Because strings are a variable-width data type, and because of the way Arkouda represents strings, operations on strings are considerably slower than operations on numeric data. Use numeric data whenever possible. For example, if your raw data contains string data that could be represented numerically, consider setting up a processing pipeline performs the conversion (and stores the result in HDF5 format) on ingest.

I/O

Arrays of strings can be transferred between the Arkouda client and server using the arkouda.array and Strings.to_ndarray functions (see Data I/O). The former converts a Python list or NumPy ndarray of strings to an Arkouda Strings object, whereas the latter converts an Arkouda Strings object to a NumPy ndarray. As with numeric arrays, if the size of the data exceeds the threshold set by ak.client.maxTransferBytes, the client will raise an exception.

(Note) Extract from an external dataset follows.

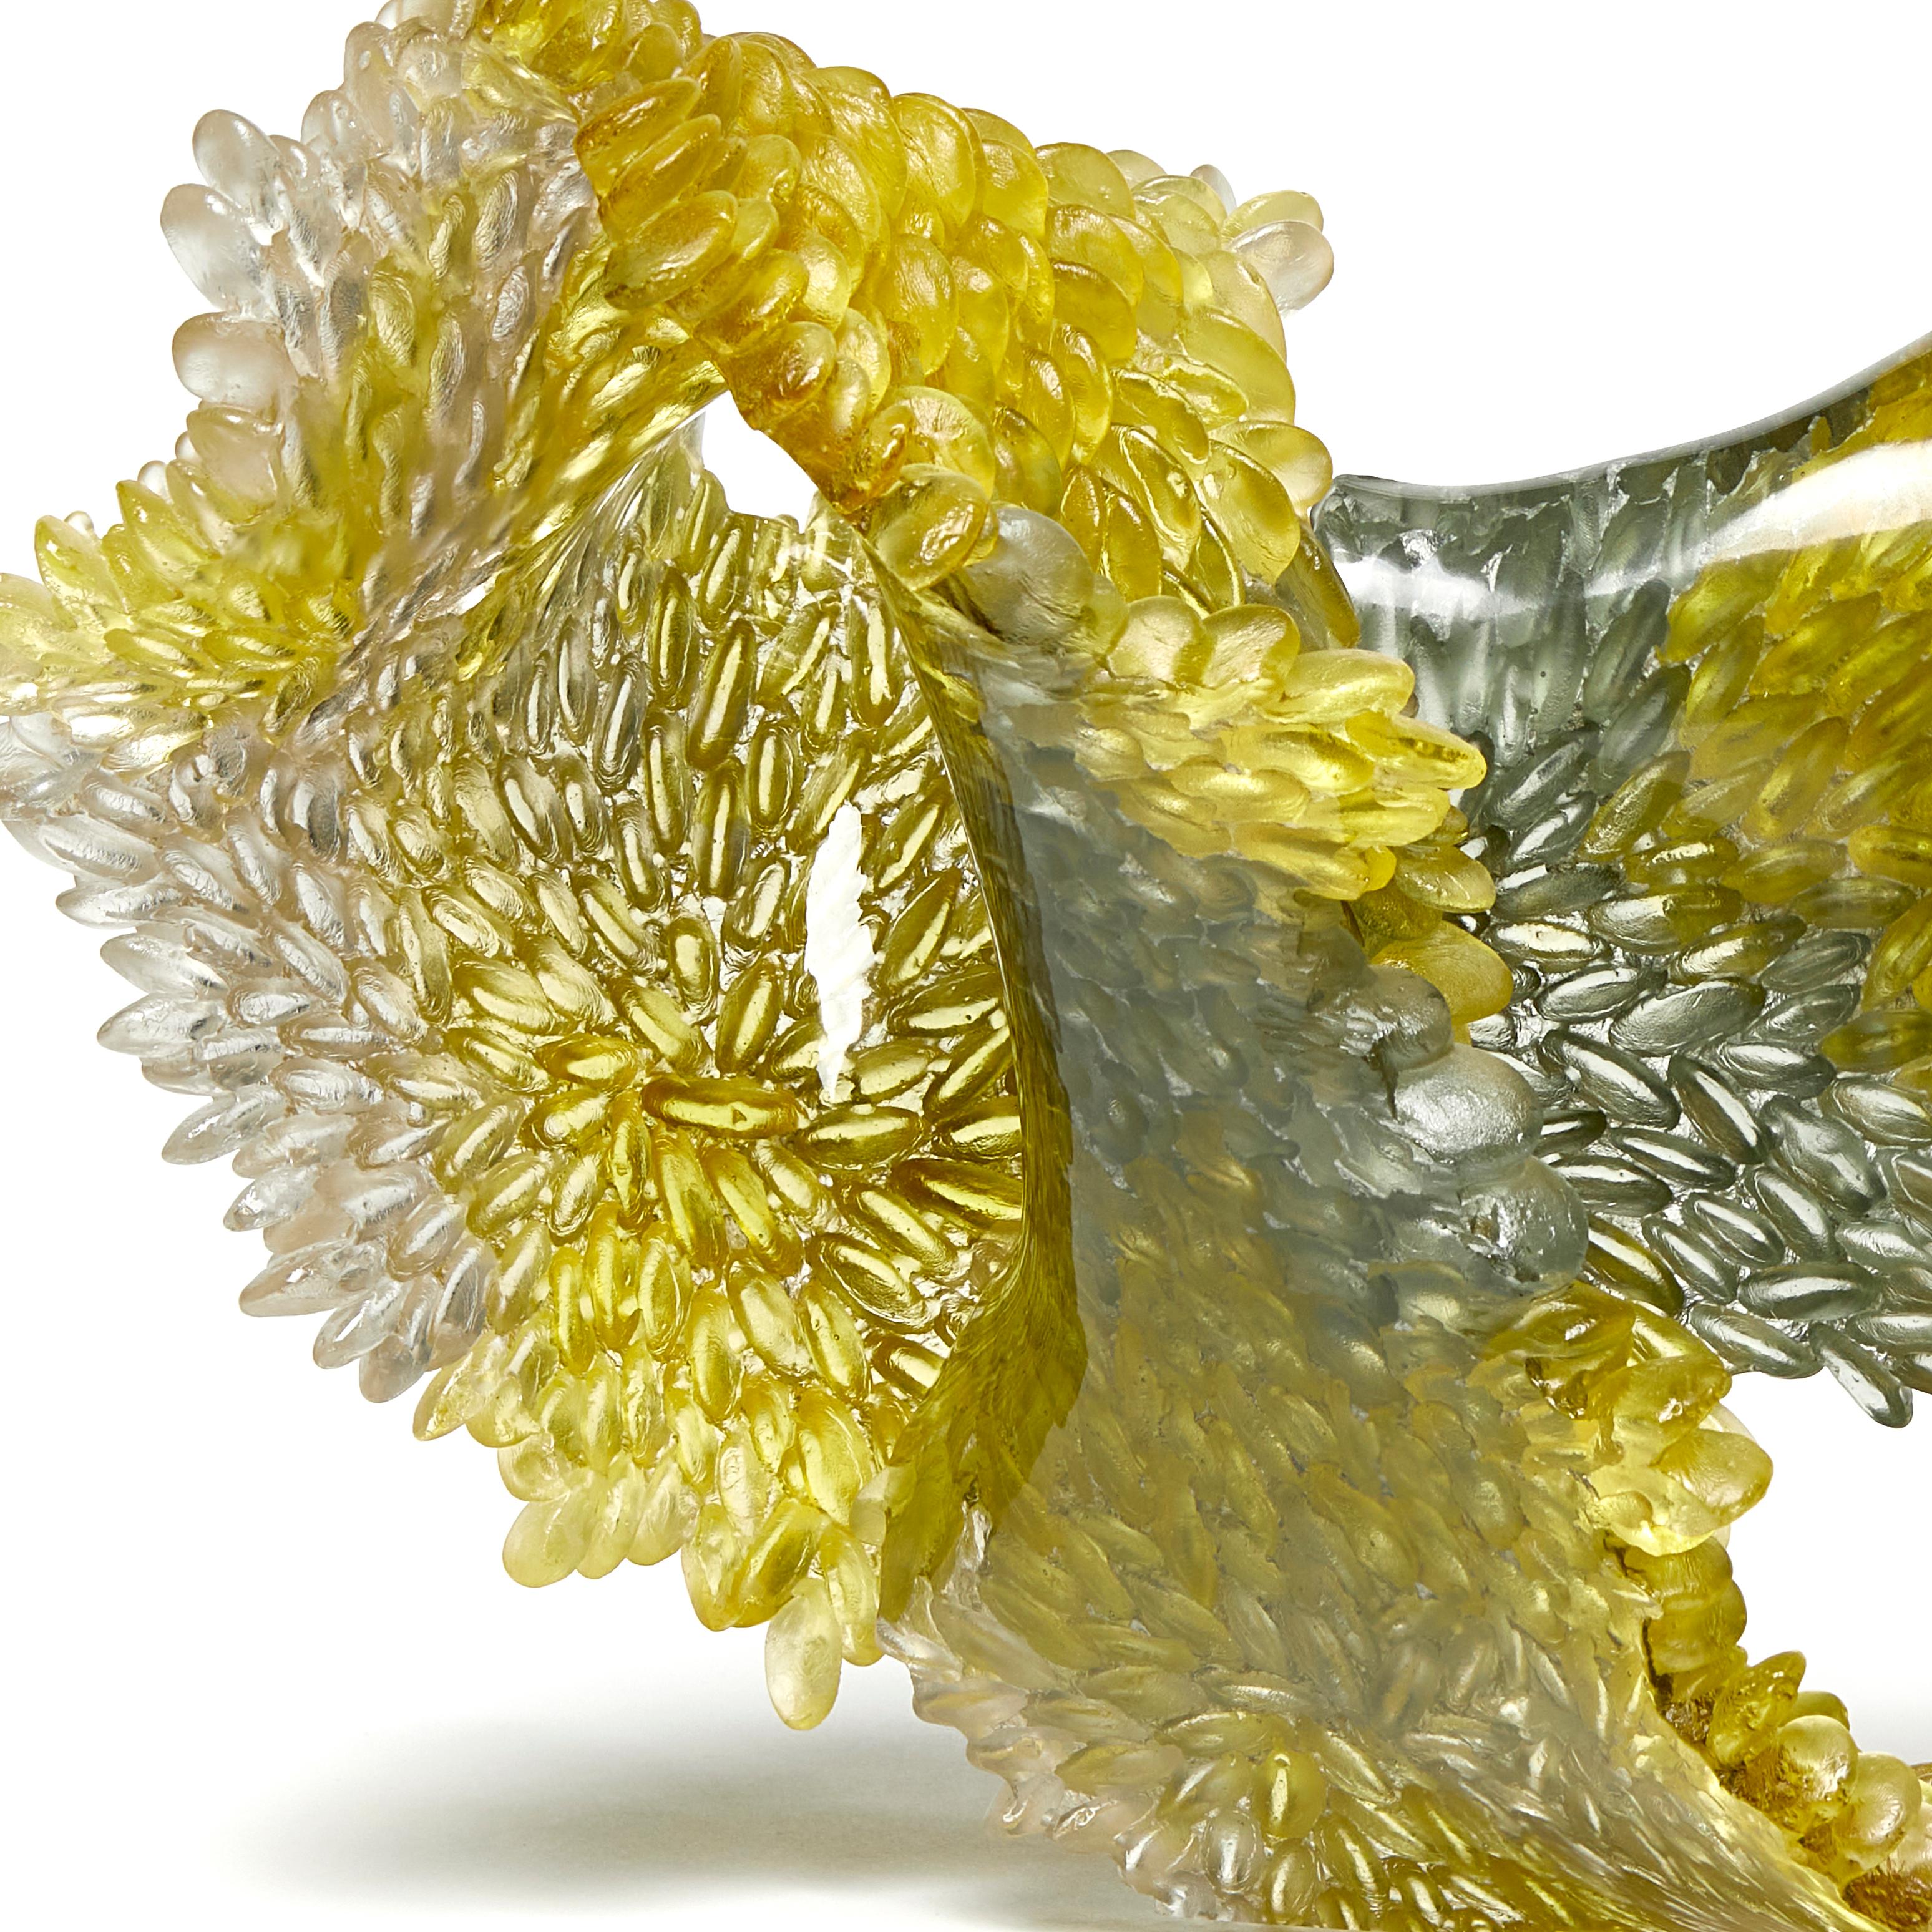 Cast The Way it Twists, Unique Glass Sculpture in Grey & Gold by Nina Casson McGarva

Arkouda currently only supports the HDF5 file format for disk-based I/O. In order to read an array of strings from an HDF5 file, the strings must be stored in an HDF5 group containing two datasets: segments (an integer array corresponding to offsets above) and values (a uint8 array corresponding to bytes above). See Supported File Formats for more information and guidelines.

Iteration

Iterating directly over a Strings with for x in string is not supported to discourage transferring all the Strings object’s data from the arkouda server to the Python client since there is almost always a more array-oriented way to express an iterator-based computation. To force this transfer, use the to_ndarray function to return the Strings as a numpy.ndarray. See I/O for more details about using to_ndarray with Strings

#.. autofunction:: arkouda.numpy.Strings.to_ndarray

Operations

Arkouda Strings objects support the following operations:

String-Specific Methods

Splitting and joining

Flattening

Given an array of strings where each string encodes a variable-length sequence delimited by a common substring, flattening offers a method for unpacking the sequences into a flat array of individual elements. A mapping between original strings and new array elements can be preserved, if desired. This method can be used in pipe

Regular Expressions

Strings implements behavior similar to the re python library applied to every element. This functionality is based on Chapel’s regex module which is built on google’s re2. re2 sacrifices some functionality (notably lookahead/lookbehind) in exchange for guarantees that searches complete in linear time and in a fixed amount of stack space

Match Object

search, match, and fullmatch return a Match object which supports the following methods

Match.matched()[source]

Return a boolean array indiciating whether each element matched.

Returns:

True for elements that match, False otherwise

Return type:

pdarray

Examples

>>> import arkouda as ak
>>> strings = ak.array(['1_2___', '____', '3', '__4___5____6___7', ''])
>>> strings.search('_+').matched()
array([True True False True False])
Match.start()[source]

Return the starts of matches

Returns:

The start positions of matches

Return type:

pdarray

Examples

>>> import arkouda as ak
>>> strings = ak.array(['1_2___', '____', '3', '__4___5____6___7', ''])
>>> strings.search('_+').start()
array([1 0 0])
Match.end()[source]

Return the ends of matches.

Returns:

The end positions of matches

Return type:

pdarray

Examples

>>> import arkouda as ak
>>> strings = ak.array(['1_2___', '____', '3', '__4___5____6___7', ''])
>>> strings.search('_+').end()
array([2 4 2])
Match.match_type()[source]

Return the type of the Match object.

Returns:

MatchType of the Match object

Return type:

str

Examples

>>> import arkouda as ak
>>> strings = ak.array(['1_2___', '____', '3', '__4___5____6___7', ''])
>>> strings.search('_+').match_type()
'SEARCH'
Match.find_matches(return_match_origins=False)[source]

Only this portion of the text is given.